• ASSIGNMENT:
From the listing below, set down exactly the lines between the one holding "Crise : La Juventus" and the one holding "Сарафан на бретелях", inclusive. No other line is wanted.

::::

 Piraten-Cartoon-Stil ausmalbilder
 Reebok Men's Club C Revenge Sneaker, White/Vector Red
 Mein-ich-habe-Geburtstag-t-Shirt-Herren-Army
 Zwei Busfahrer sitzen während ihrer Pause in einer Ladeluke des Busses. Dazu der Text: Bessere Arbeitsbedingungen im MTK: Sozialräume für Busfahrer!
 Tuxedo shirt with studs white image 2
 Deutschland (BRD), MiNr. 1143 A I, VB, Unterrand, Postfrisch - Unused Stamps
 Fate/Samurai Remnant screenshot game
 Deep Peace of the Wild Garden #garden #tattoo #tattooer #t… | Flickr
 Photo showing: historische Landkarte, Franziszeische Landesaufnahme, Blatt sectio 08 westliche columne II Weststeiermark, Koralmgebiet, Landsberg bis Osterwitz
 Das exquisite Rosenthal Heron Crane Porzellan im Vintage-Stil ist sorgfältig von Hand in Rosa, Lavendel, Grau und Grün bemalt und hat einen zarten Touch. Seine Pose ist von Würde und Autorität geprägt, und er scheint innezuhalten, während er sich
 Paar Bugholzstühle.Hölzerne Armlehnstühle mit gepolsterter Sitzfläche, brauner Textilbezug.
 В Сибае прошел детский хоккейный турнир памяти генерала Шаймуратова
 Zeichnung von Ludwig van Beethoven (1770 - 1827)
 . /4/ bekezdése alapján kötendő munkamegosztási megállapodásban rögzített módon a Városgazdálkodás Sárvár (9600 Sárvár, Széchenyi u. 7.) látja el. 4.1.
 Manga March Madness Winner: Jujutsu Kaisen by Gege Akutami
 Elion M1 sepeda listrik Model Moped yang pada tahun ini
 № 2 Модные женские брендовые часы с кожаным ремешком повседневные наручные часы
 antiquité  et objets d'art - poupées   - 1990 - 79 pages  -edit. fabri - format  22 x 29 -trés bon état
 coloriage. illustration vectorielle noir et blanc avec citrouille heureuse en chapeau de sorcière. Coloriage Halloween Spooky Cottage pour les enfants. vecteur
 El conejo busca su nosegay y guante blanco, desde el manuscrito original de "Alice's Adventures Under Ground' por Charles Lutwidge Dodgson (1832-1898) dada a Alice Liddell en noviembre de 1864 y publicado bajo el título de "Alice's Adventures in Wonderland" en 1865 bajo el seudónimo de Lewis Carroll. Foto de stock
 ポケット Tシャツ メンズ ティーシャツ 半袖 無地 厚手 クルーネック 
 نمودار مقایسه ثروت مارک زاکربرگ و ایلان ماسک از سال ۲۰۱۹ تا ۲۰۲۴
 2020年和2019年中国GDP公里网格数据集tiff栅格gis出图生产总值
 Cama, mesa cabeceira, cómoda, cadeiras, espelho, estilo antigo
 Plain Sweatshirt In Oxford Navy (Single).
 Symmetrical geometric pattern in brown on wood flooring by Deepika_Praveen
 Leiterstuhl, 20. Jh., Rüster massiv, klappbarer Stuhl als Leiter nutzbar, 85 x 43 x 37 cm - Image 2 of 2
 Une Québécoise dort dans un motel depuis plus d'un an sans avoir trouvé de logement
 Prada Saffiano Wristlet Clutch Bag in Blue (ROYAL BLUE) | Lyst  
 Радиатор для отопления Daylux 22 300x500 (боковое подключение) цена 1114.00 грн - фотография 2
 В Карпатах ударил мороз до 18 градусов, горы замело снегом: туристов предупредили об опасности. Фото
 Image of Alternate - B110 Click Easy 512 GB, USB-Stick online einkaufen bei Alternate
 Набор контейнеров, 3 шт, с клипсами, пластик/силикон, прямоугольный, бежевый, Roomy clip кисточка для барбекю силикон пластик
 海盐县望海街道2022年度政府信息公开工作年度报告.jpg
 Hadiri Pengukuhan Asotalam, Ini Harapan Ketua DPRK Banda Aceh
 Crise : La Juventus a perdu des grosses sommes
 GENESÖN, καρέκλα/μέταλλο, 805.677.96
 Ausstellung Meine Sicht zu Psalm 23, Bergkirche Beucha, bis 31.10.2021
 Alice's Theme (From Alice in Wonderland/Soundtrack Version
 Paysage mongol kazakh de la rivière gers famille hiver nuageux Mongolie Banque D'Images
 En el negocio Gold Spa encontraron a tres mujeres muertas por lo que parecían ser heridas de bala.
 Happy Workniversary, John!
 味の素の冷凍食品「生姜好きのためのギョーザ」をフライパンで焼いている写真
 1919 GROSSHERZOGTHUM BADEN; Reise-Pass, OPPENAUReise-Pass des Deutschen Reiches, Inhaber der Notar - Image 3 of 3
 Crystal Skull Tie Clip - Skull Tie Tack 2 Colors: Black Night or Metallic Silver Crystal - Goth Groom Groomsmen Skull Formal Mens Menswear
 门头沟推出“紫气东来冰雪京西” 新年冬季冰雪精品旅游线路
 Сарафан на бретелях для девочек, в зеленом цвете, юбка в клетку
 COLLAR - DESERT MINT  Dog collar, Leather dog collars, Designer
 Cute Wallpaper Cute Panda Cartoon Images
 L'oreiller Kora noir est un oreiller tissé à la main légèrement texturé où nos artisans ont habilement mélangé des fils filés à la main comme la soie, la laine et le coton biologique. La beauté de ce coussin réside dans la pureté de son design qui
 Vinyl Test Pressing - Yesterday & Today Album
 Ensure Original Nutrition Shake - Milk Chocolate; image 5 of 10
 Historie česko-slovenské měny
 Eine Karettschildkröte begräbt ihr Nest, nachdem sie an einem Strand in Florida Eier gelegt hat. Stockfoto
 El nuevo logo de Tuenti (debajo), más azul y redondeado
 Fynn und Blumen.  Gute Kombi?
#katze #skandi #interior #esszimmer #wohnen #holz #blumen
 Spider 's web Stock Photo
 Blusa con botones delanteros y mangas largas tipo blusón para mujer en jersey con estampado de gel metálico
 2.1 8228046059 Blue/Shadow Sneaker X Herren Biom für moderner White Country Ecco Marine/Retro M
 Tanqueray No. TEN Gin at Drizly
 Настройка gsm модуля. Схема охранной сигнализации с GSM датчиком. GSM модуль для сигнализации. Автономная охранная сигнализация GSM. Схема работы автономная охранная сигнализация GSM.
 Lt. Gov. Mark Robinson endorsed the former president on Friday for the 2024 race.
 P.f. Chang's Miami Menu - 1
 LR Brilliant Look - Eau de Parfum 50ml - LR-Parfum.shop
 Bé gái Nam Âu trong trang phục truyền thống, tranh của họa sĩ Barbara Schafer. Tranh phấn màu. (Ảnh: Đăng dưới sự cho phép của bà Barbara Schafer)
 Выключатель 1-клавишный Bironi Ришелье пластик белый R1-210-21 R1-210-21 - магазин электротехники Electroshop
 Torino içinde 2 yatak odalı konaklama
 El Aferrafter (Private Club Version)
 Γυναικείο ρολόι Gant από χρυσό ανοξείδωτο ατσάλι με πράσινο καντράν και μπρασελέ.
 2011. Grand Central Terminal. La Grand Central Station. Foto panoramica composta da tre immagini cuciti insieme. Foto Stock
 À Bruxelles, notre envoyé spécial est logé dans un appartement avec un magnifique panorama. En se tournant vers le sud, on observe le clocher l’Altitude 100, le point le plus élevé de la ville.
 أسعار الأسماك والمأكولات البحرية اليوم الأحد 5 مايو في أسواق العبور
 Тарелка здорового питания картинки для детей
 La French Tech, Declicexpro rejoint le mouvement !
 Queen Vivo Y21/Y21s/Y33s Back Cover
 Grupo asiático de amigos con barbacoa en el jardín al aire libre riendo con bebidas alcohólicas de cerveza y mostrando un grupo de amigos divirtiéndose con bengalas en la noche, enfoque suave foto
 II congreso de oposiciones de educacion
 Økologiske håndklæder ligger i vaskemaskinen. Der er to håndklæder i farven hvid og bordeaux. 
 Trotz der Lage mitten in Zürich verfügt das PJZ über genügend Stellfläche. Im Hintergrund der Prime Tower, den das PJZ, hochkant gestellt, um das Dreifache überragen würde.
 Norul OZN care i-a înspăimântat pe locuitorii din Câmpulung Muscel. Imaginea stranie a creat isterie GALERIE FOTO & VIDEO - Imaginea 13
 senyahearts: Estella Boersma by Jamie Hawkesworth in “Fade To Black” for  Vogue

::::

• SOLUTION FOR THIS PROBLEM:
 Crise : La Juventus a perdu des grosses sommes
 GENESÖN, καρέκλα/μέταλλο, 805.677.96
 Ausstellung Meine Sicht zu Psalm 23, Bergkirche Beucha, bis 31.10.2021
 Alice's Theme (From Alice in Wonderland/Soundtrack Version
 Paysage mongol kazakh de la rivière gers famille hiver nuageux Mongolie Banque D'Images
 En el negocio Gold Spa encontraron a tres mujeres muertas por lo que parecían ser heridas de bala.
 Happy Workniversary, John!
 味の素の冷凍食品「生姜好きのためのギョーザ」をフライパンで焼いている写真
 1919 GROSSHERZOGTHUM BADEN; Reise-Pass, OPPENAUReise-Pass des Deutschen Reiches, Inhaber der Notar - Image 3 of 3
 Crystal Skull Tie Clip - Skull Tie Tack 2 Colors: Black Night or Metallic Silver Crystal - Goth Groom Groomsmen Skull Formal Mens Menswear
 门头沟推出“紫气东来冰雪京西” 新年冬季冰雪精品旅游线路
 Сарафан на бретелях для девочек, в зеленом цвете, юбка в клетку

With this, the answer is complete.